**EXERCISE PROMPT:** Give all of the data again exactly as written, omitting every image.

**SOURCE MATERIAL:**
• • •
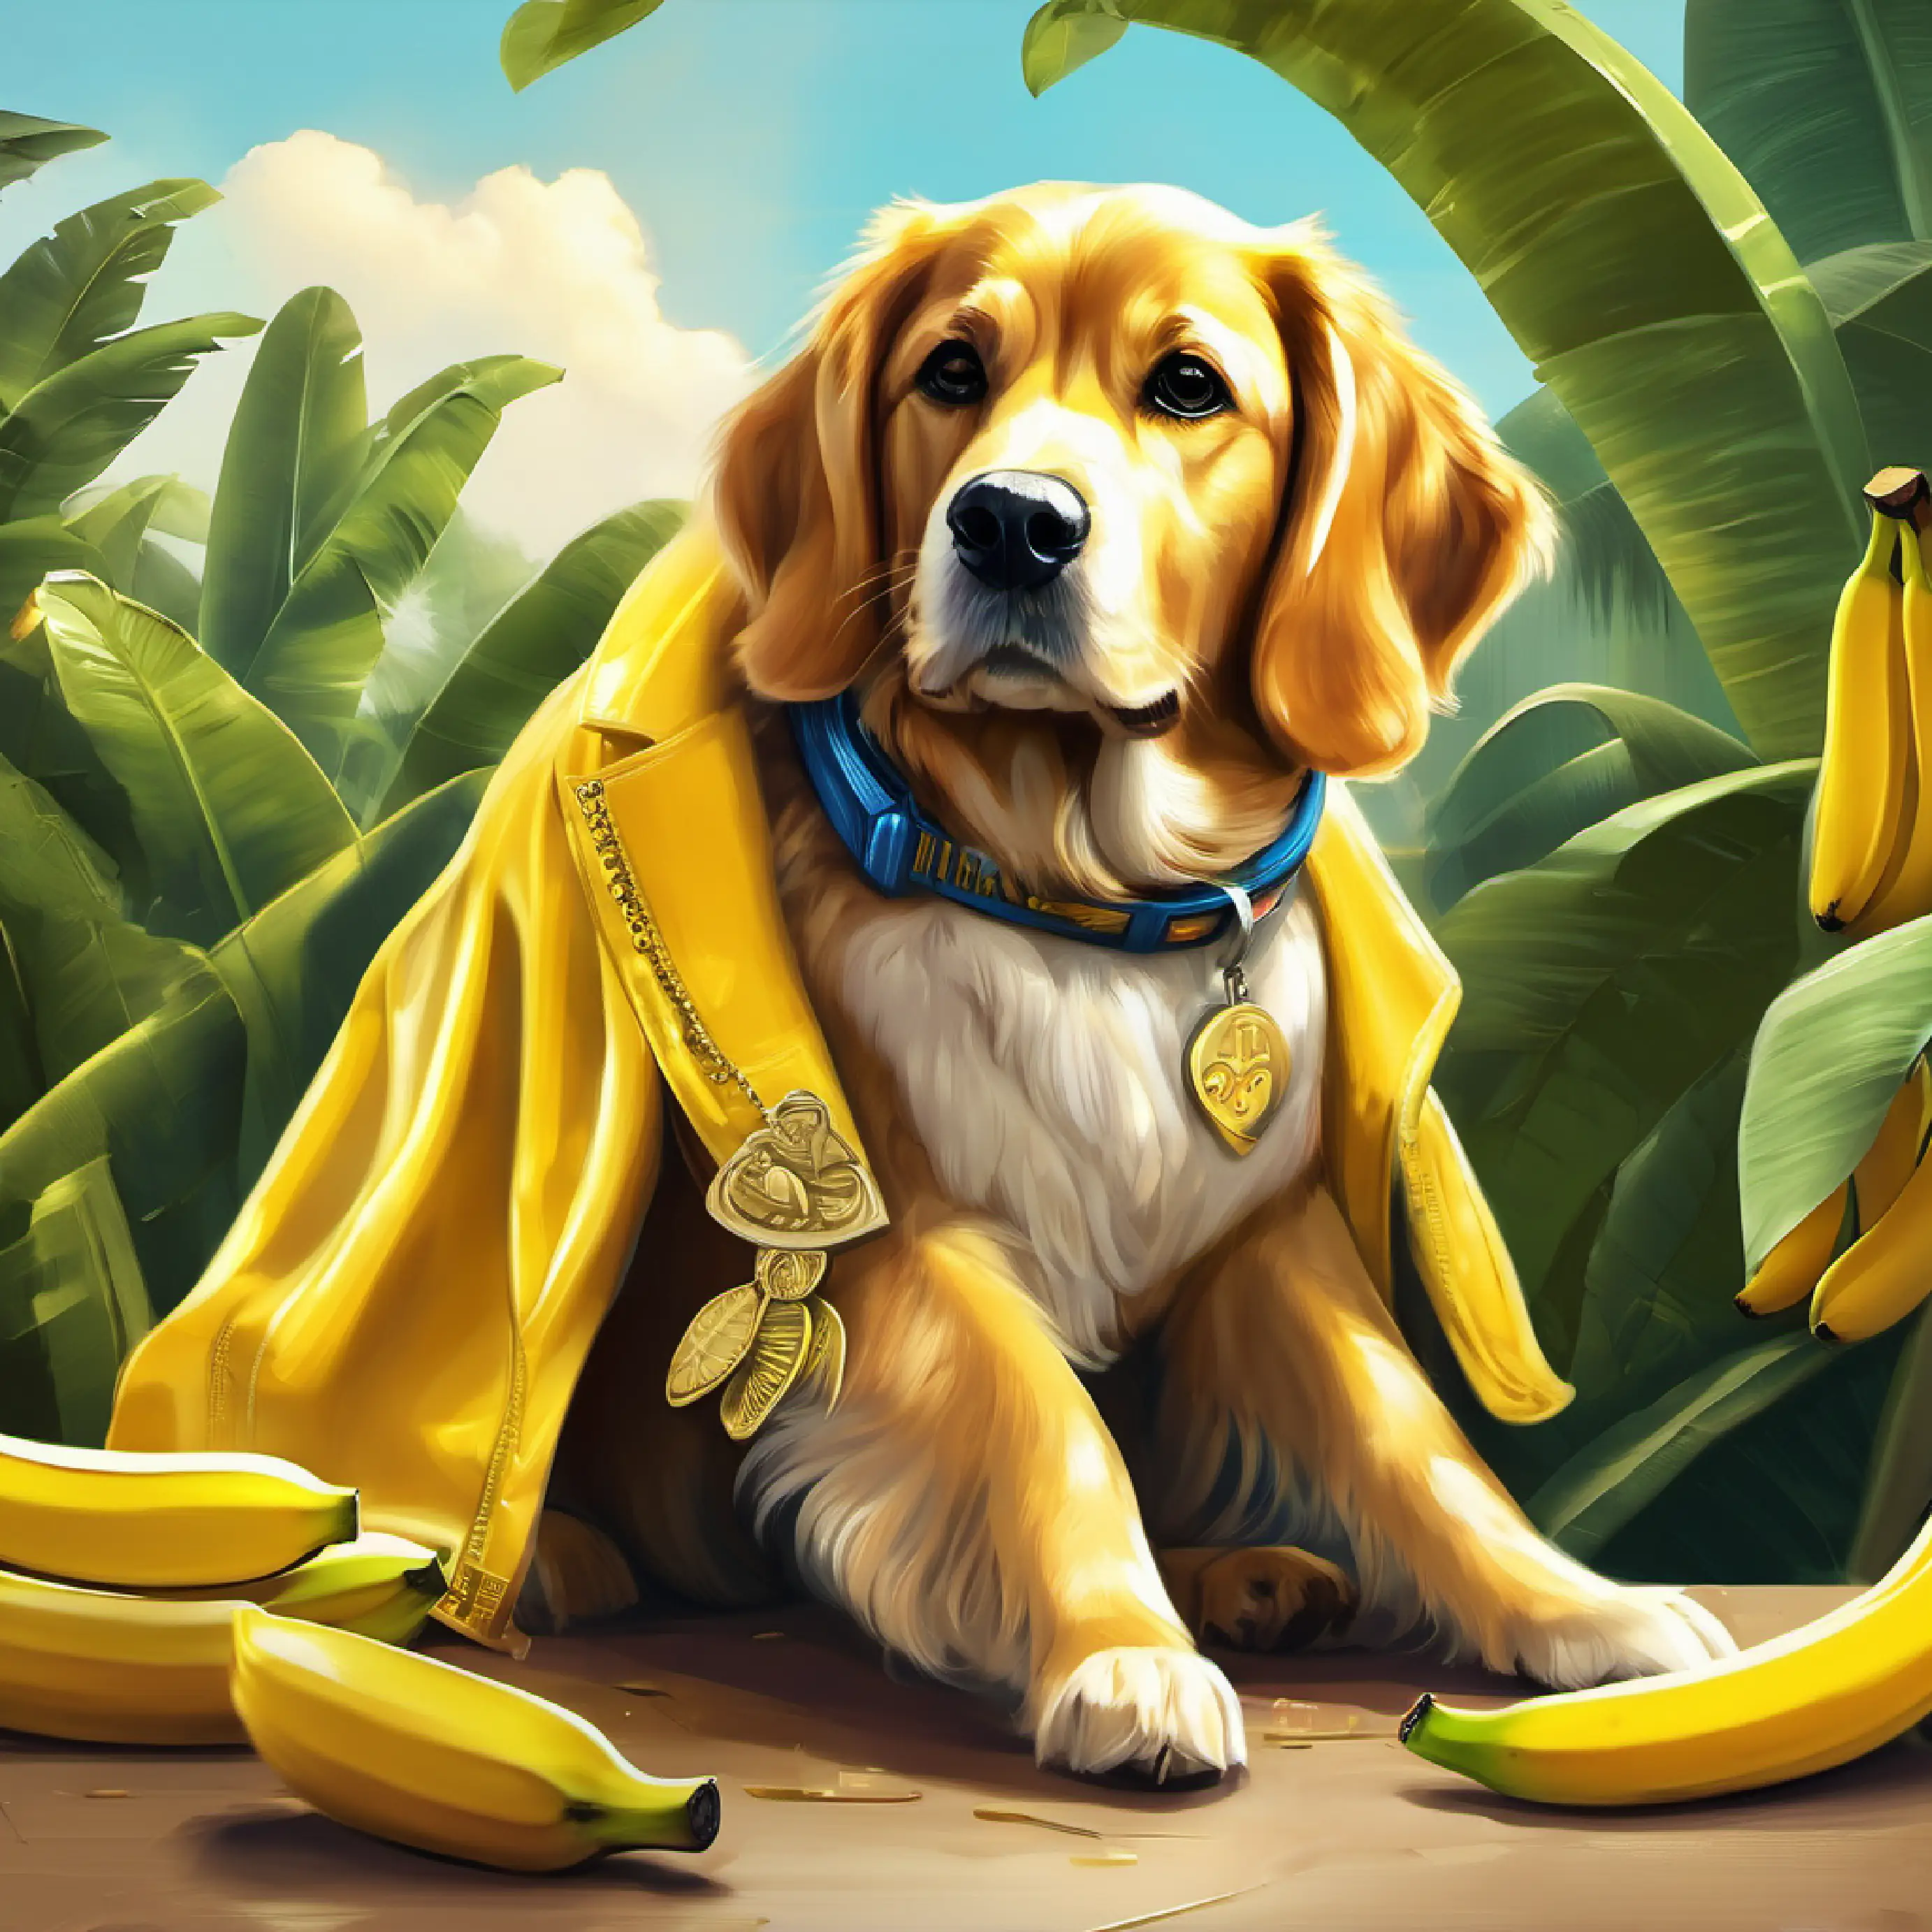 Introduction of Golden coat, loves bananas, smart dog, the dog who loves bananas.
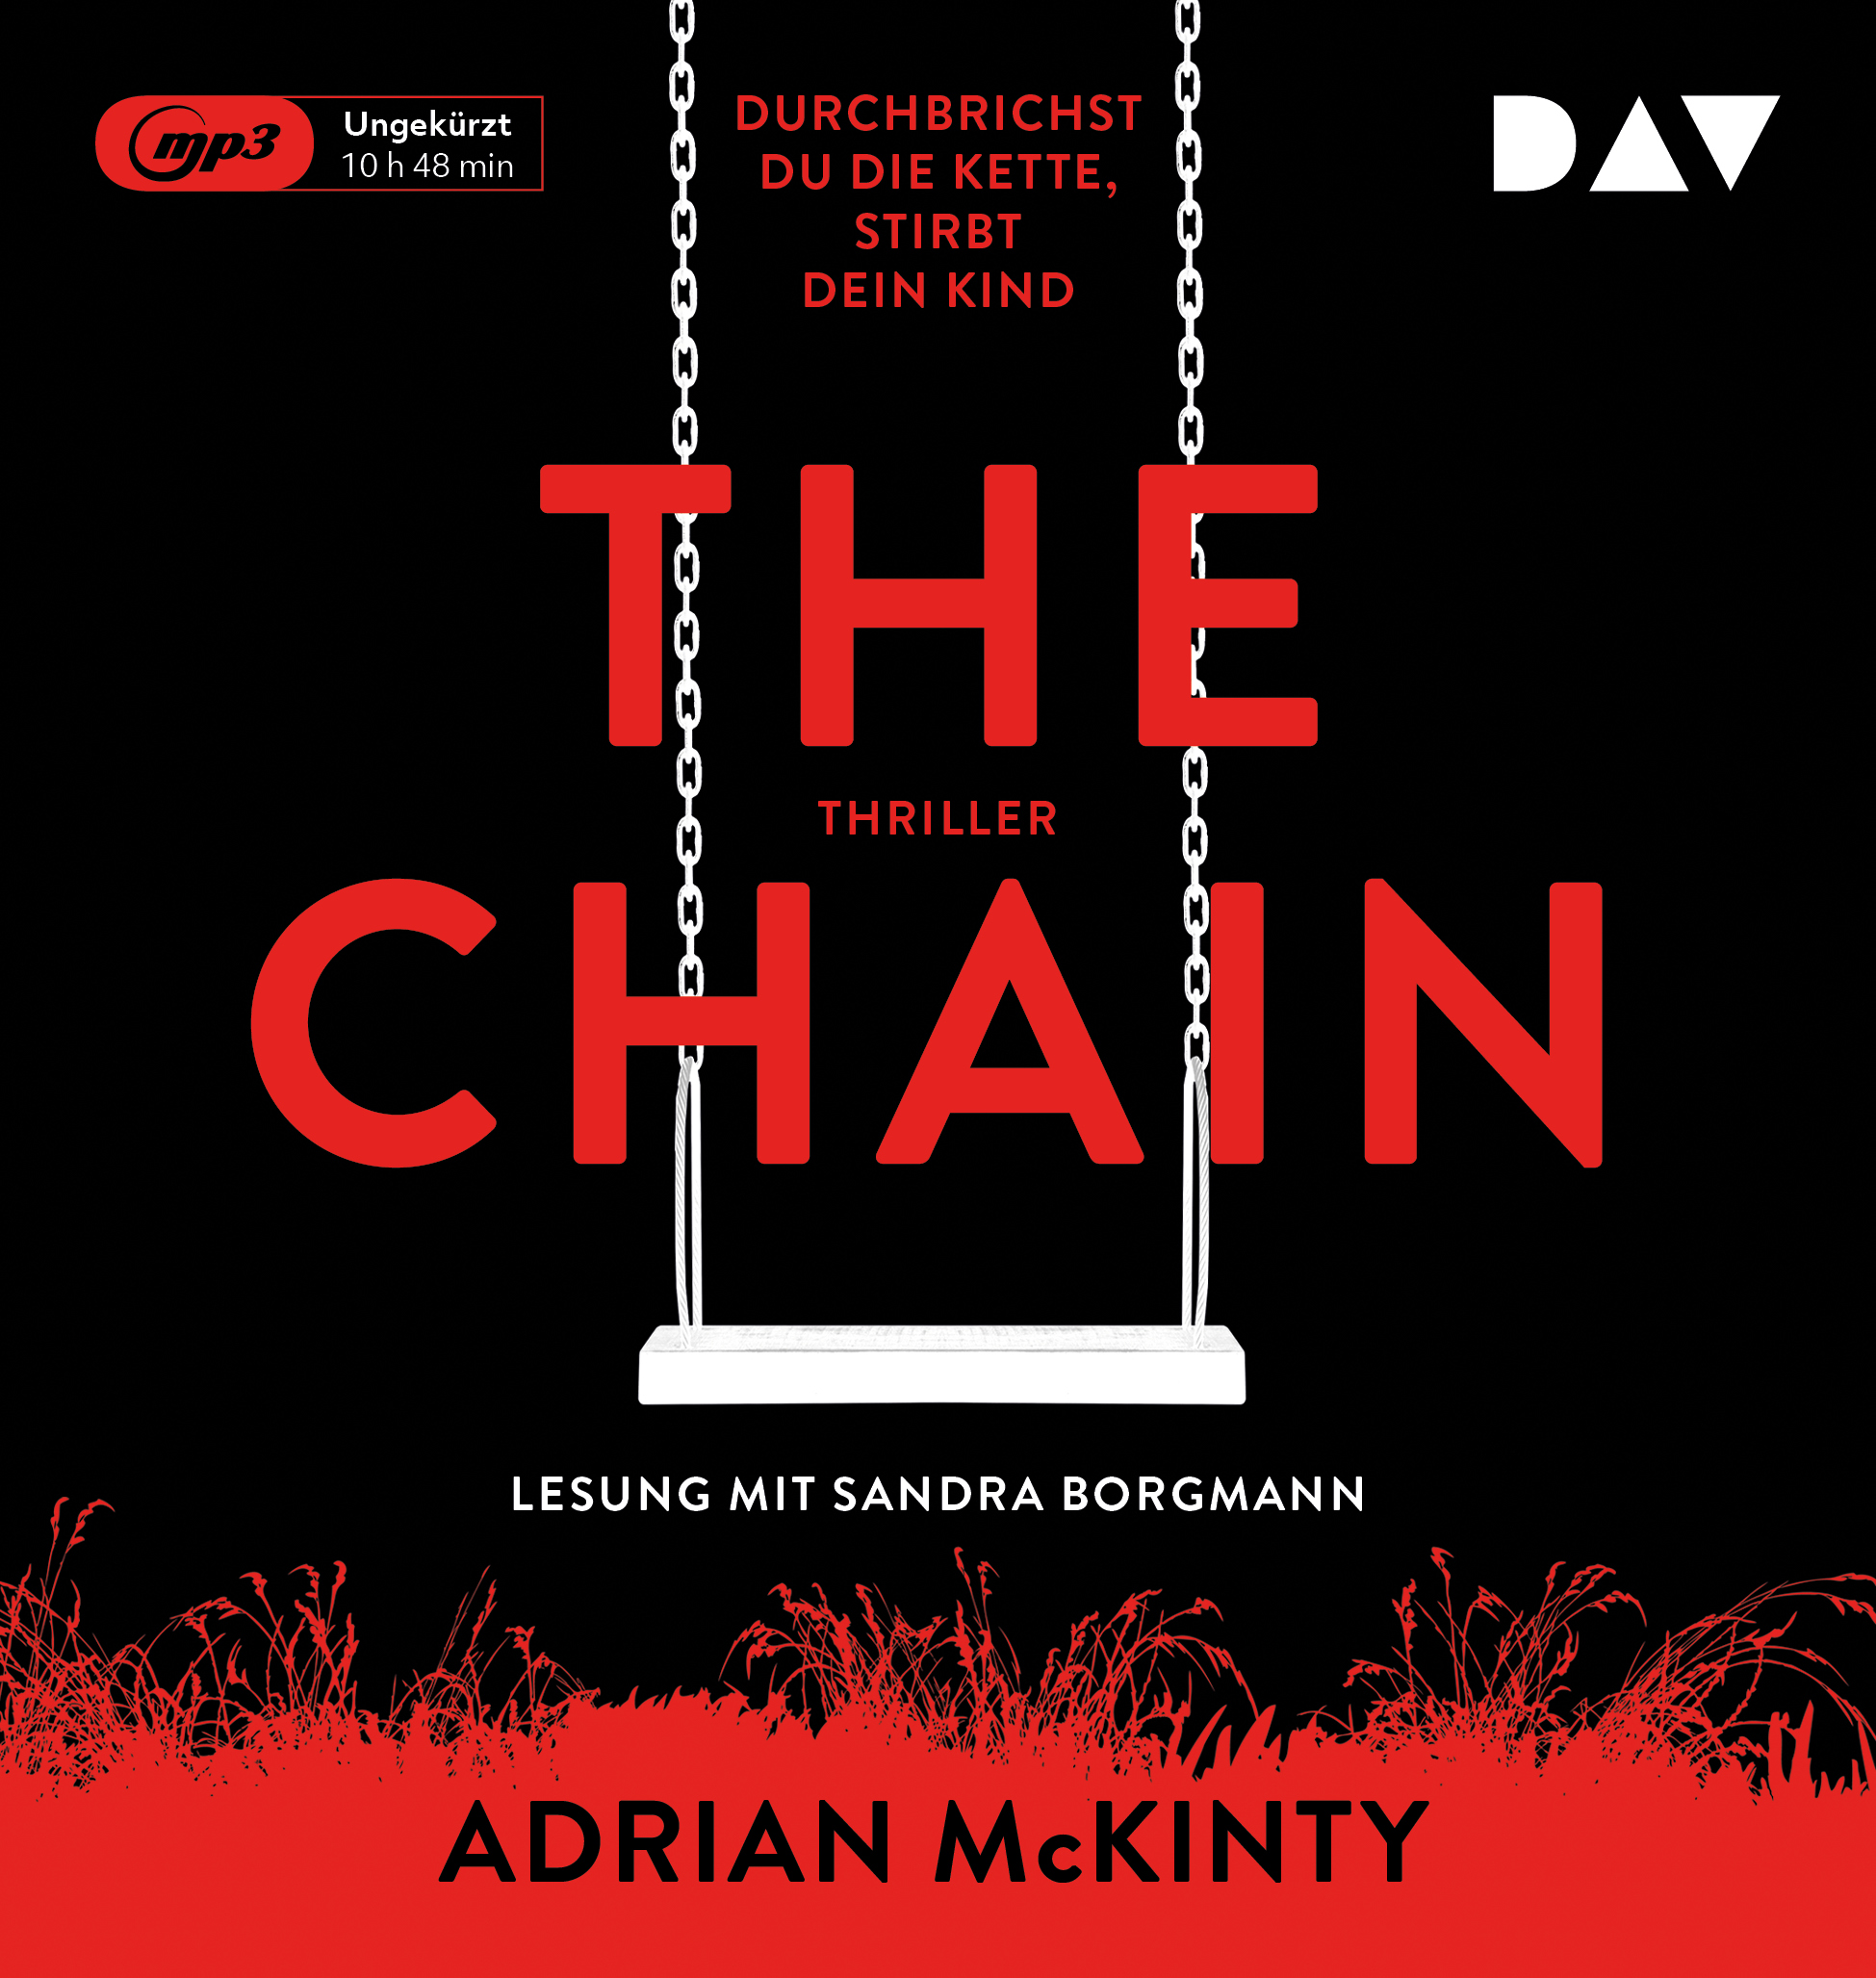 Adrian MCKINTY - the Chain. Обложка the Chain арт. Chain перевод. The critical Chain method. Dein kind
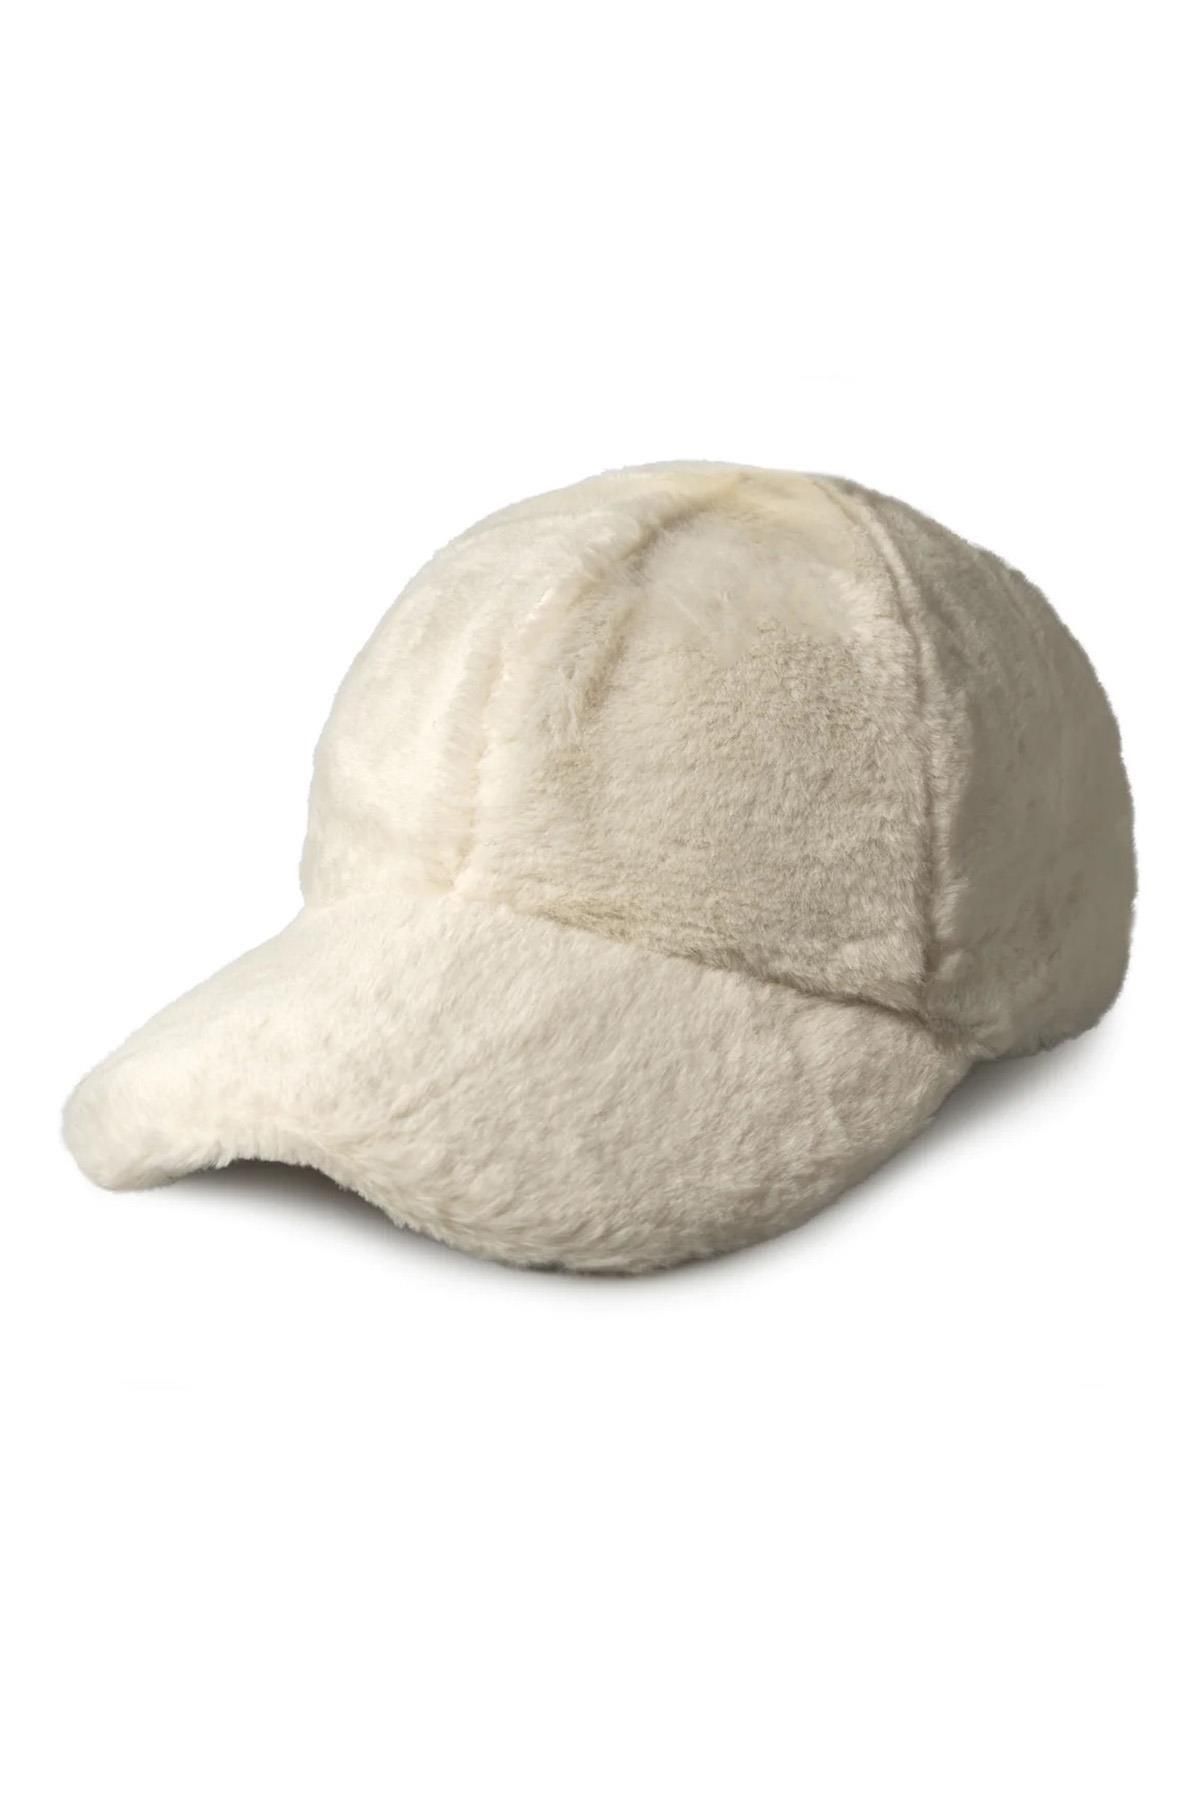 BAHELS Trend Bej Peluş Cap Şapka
• • •
**ANSWER SPACE:**
 Introduction of Golden coat, loves bananas, smart dog, the dog who loves bananas.
 Adrian MCKINTY - the Chain. Обложка the Chain арт. Chain перевод. The critical Chain method. Dein kind
 BAHELS Trend Bej Peluş Cap Şapka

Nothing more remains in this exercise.